When you step inside the coding universe, you will encounter some of the most interesting topics! From arrays and subarrays to binary trees to reverse words in a string, you come across several important topics. One such coding topic that is asked from the aspirants is path with minimum effort in python. Here, you need to find a route that you wish to take. Here, this route will be found with minimum effort.
Dive deep inside this topic and know how to find the path with minimum effort in detail!
Let’s get started!
Consider the problem statement
You are having ninja training for the upcoming battle. A height, a given 2d array for rows and columns with height [ rows] [col] representing the needed height of a given cell is present.
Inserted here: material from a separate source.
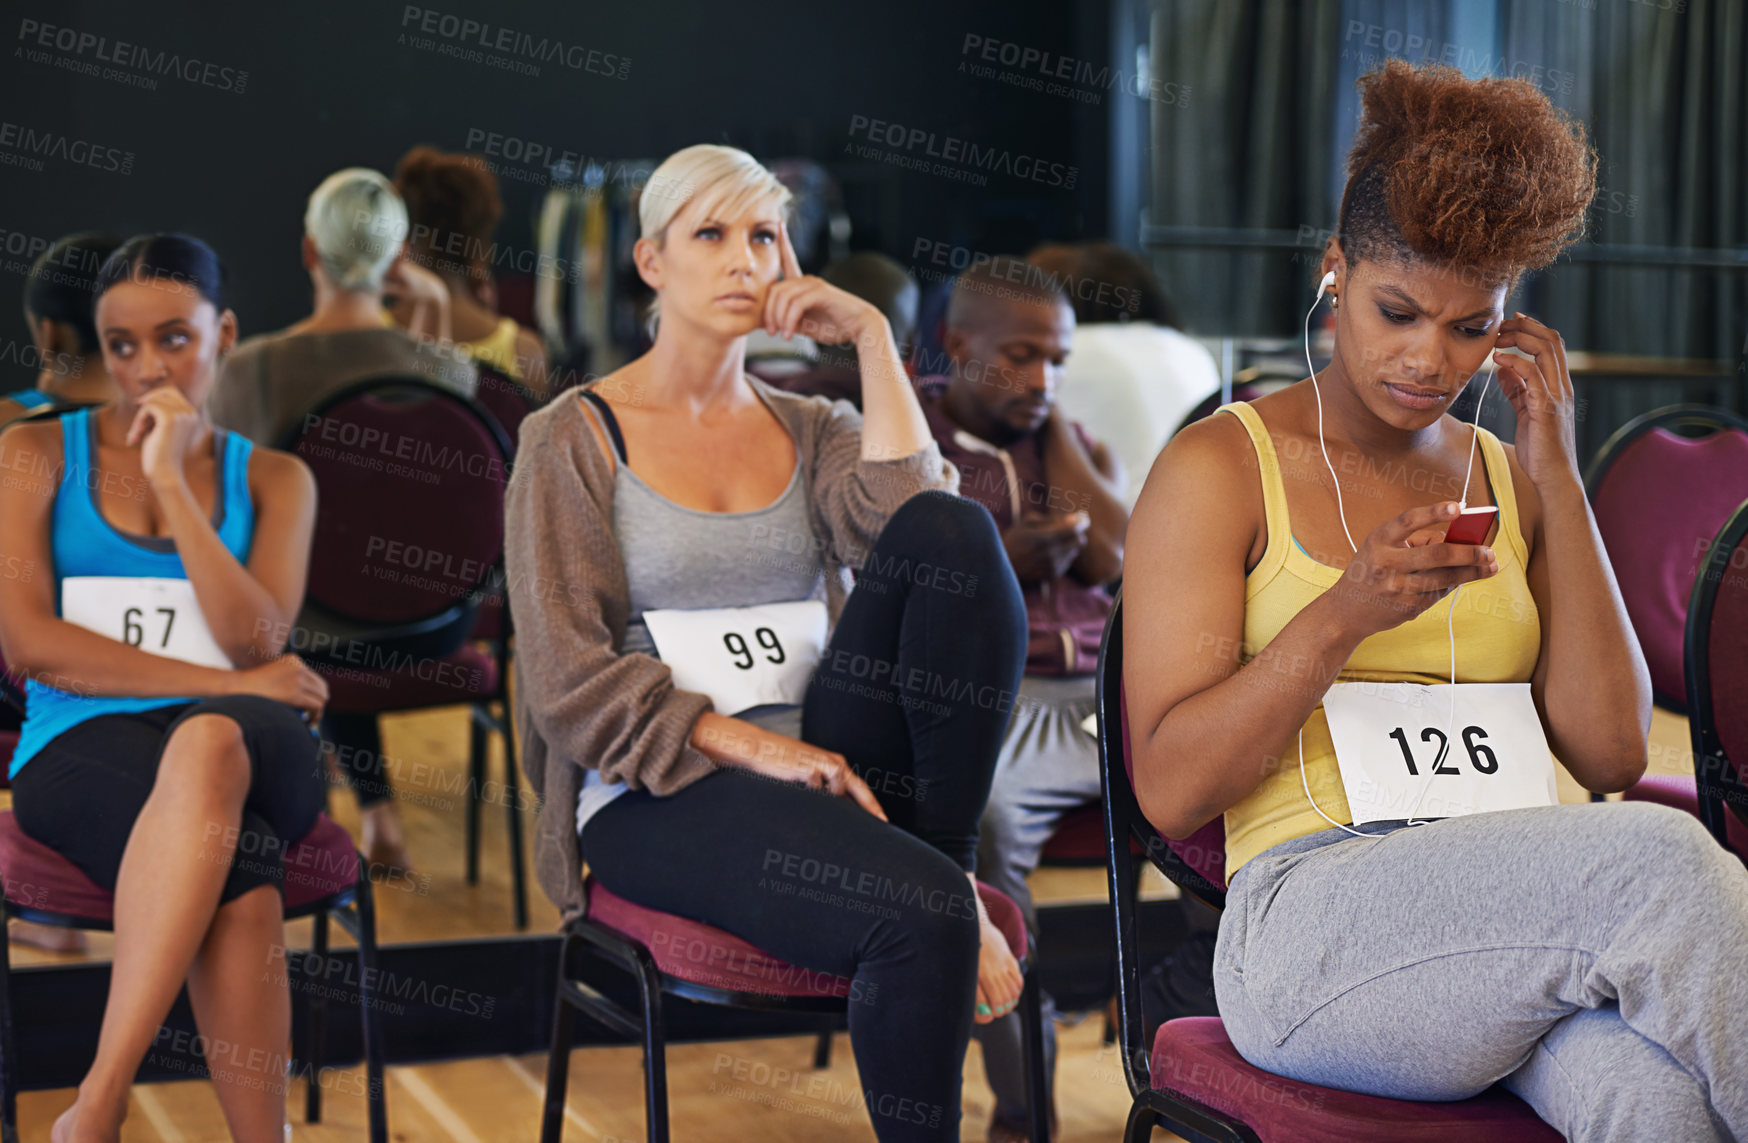 Buy stock photo Shot of a group of young dancers looking anxious while waiting for their dance auditions

Suppose you are standing at a top-left cell i.e [0,0]. You need to travel from its bottom-right cell [ which is row 1 and column 1]. You can easily move left, right or up and down and may also need to find a route that may require a minimum path.
The route time is considered as the absolute differences in the height between any two given consecutive cells of the required route. Then return the required minimum time to travel in case of its top-left cell to its bottom-left cell.
Input would be: Height [ 1, 2, 2] [ 3, 8, 2 ] [ 5, 3, 5 ]
The output in this case would be 2.
The route for the [ 1, 3, 5, 3, 5] will be having the needed maximum absolute differences as 3.
Input format:
Here, in the first line you can determine the required test cases in a problem. Each test case’s first line will contain two spaces that are separated by the integers having the required value in the first row. Second, would be the number of required columns in a 2d array.
Now in a 2d array, the input would be taken as the rows or columns that are entered there before. Also, lines in the input will be equal to the required number of rows while they would be separated by certain integers for each given row.
For example; the given row is 3 and the column is also 3. We will be having the 3 lines of input that are separated by the integers.
Output format:
For all the test cases, you can return the minimum time that is required in order to travel from a top-left cell to its bottom-left cell. You can print the desired output in some other line.
Approaches to follow
In order to find the path with the minimum efforts, you can follow below-mentioned approaches.
Approach 1
The basic idea behind this approach would be to use the dfs method in order to implement the parameter of TIME_LIMIT. It will be the maximum time that is needed to deal.
The idea here would be to use the binary search tree in order to find the small TIME_LIMIT to reach at the end point.
Algorithm:
- Ideally initialise the length of all rows, columns and the neighbours in a 2d list that consists of several moves that needs to performed on the height list
- Define the function as TIME_LIMIT for the maximum time to reach a particular destination. Take x and y coordinates for each of the iterations. Perform DFS traversal to visit all the neighbour nodes but make sure to not go out of a grid. Take into consideration the cells which are not yet visited
- You can also make use of a binary search tree. Though, if the TIME_LIMIT = -1, you may not reach at the end.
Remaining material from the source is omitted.